Mythos for Offensive Security: XBOW's Evaluation

We received early access to Mythos Preview for early capability testing a few weeks back. Today, we can finally share what we found.

About two months ago, Anthropic invited us to help them assess the capability of a new model they thought represented a significant shift in capability. So we put it through our security gauntlet. Benchmarks, workflows, interactive use, and integrations.

Today, we can finally share details on how we tested Mythos Preview, what we found, and what it means.

Spoilers: This model is a major advance. It is substantially better than prior models at finding vulnerability candidates, especially when source code is available. It communicates with unusual technical precision, reasons well about code, and shows strong promise in complex domains such as native-code analysis and reverse engineering.

Our takeaway: Mythos Preview is a powerful tool for generating strong vulnerability leads and technically precise analysis. It is especially adept at analyzing source code with a security mindset. It's not magic, though: a model is a brain without a body. While source code audits are mostly a brain activity, live site pentests like the ones XBOW performs very much need a body whose skill and control can match the brain's power.
‍

Testing methodology

The first thing we did was assemble a diverse team of 10 experts from different parts of the company that could assess the model from different directions. We test all models with the same internal benchmarking system we have used to analyze Opus 4.7 and GPT 5.5. In this system, we take open source applications where vulnerabilities were previously discovered, freeze them at the vulnerable version, and run our agents against them.

But this time, we expanded our testing to analyze other angles as well:

The model’s judgment with regard to threat modeling, vulnerability validation, and safety
The model’s ability to read source code versus interact with live systems
Its ability to find exploits we’re not yet looking for in our standard assessments, e.g., native app vulnerabilities
‍

A note on terminology: When people say “Mythos,” they sometimes refer to the raw model. In this evaluation, we explored Mythos Preview both inside Claude Code, and as a raw model, using it via its API as an engine for XBOW’s agents. We separate those cases because orchestration, tools, prompting, and live-site access materially affect outcomes.
‍

Results

Our testers who tried out Mythos Preview in interactive use were quite impressed. “This is a lot closer to `just go and find something` than anything I’ve seen so far,” said one of them. We tried giving it our own source code, and it found weaknesses – nothing truly terrible, thankfully, but there were several items we wanted to repair. We tried it on open source software, and at the end of week one, we had quite a few new vulnerabilities we had to disclose.

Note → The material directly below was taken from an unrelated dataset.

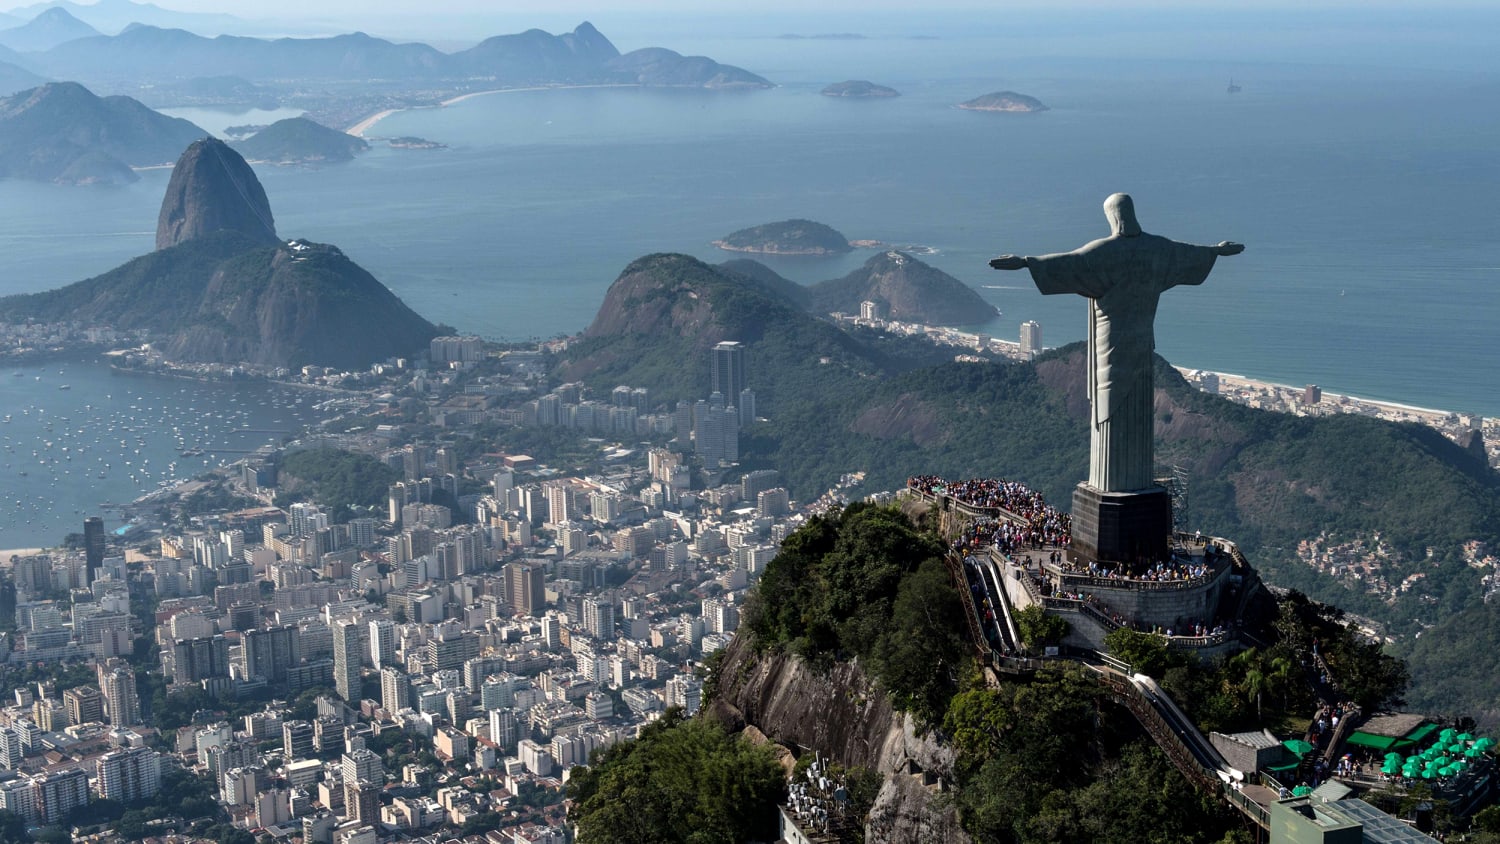 2016 Rio Olympics travel on a budget: 7 tips to save money

Our testers who tried out Mythos Preview on benchmarks were also quite impressed, but their appreciation was a slightly different kind: impressed _with data_. Their results also laid bare the difference between areas where the model was runaway powerful, and where it presented only a modest advance.
‍

Mythos Preview Benchmark Performance

Our key takeaways after analyzing Mythos Preview include:

It’s extremely powerful for source code audits.
It’s good, but less powerful, at validating exploits.
Its judgment is mixed. It can be too literal and conservative, and also tends to overstate the practical relevance of its findings.
It’s strong in native-code vulnerability discovery and reverse engineering.
‍

Next-level vulnerability discovery

Mythos Preview presents a significant step up over all existing models, regardless of provider, on XBOW’s web exploit benchmark.

This benchmark is designed to test whether a model can help XBOW find validated, actionable vulnerabilities in live website environments. A case is counted as passed only when the system finds a validated way to act on the vulnerability (PoC||GTFO) after a series of 80 “actions,” where an action might be a shell or a Python script using standard commands or XBOW’s suite of attack tools.

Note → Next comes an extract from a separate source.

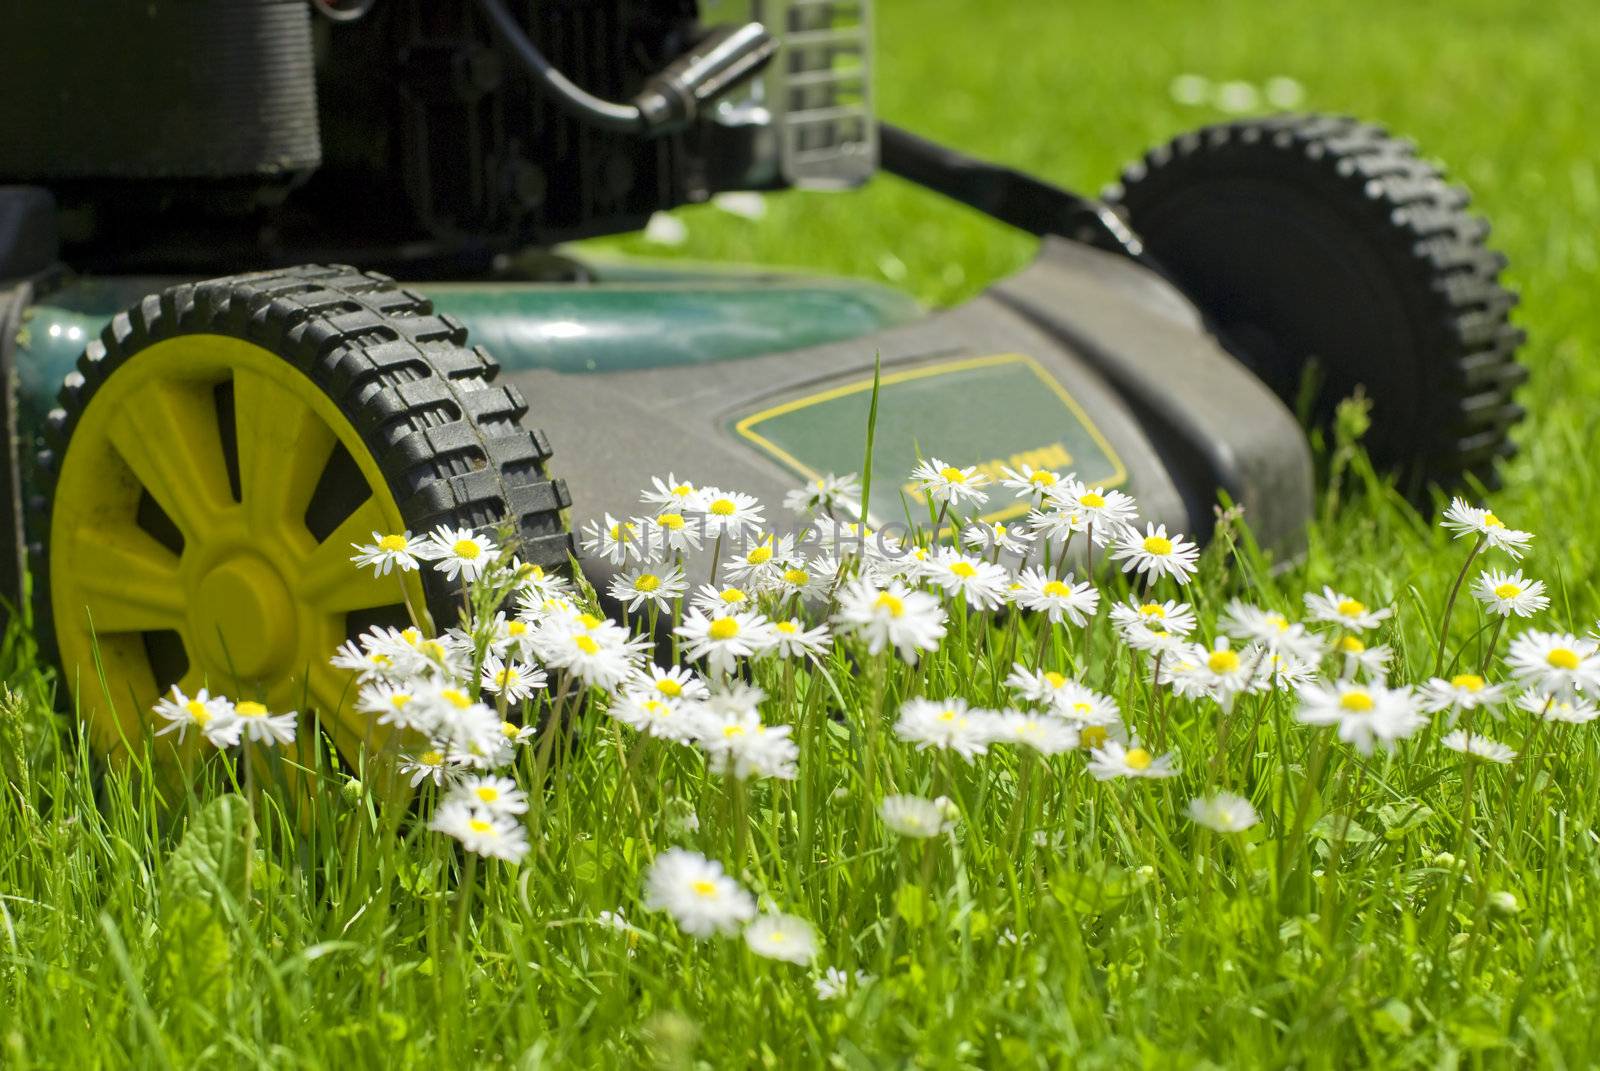 a lawnmover surrounded by flowers in the lawn

Note: We haven't included Opus 4.7 in this chart because that model interacts with our system in a unique way, making this particular stat less relevant for it – we’ve written up the full story here.

Compared to the newest model at the time (Opus 4.6), this was a strong increase:

The number of false negatives was cut by 42%.
In a variation where we gave both models the site’s source code, it was even cut by 55%.

This was the first instance of a theme that would surface again and again: Mythos Preview is impressive at writing code, but even more impressive at reading it.

Below are the pass rates of Mythos Preview, Opus 4.6, and GPT 5.5 as a function of the allowed number of actions (executed scripts). Mythos Preview finds vulnerabilities in significantly fewer iterations than Opus 4.6, although the difference to GPT-5.5 is less pronounced.

It becomes more clear when adding two considerations:

Models could choose many small steps or few large steps (more details here) – and that shouldn’t matter so much. Instead of giving a budget of actions, let’s consider a budget of output tokens.
Instead of mean pass rate, i.e., the probability of finding a vulnerability, it’s often more instructive to look at the odds for discovery, i.e., what ratio you would bet on the model getting a discovery right. Computationally, that's the hit rate divided by the miss rate.
‍

Under these considerations, the picture becomes much more clear: Token-for-token, Mythos Preview hones in on the vulnerability with absolutely unprecedented precision.

Live-site validation is the hard part

Mythos Preview is excellent at source-code reasoning, but our evaluation reinforced a practical truth: many exploitable issues do not appear as obvious defects in application source code. They emerge from configuration, dependencies, deployment choices, or the way otherwise safe components are combined.

For instance, a dependency on its own could be safe. The source code on its own could be safe. But the source code uses the dependency in an unsafe way and creates a vulnerability. As Gary McCraw famously declared, you won’t find the majority of defects by “staring at code” alone.

That’s of particular interest to us. XBOW performs pentests, where our target is a live site (the way an attacker sees it), whereas Mythos Preview as used, for example, by Project Glasswing excels at auditing source code (the way a developer sees it). Interacting with the live site can be very powerful, but it brings a completely new, very delicate dimension into the mix. Does Mythos Preview change the balance here?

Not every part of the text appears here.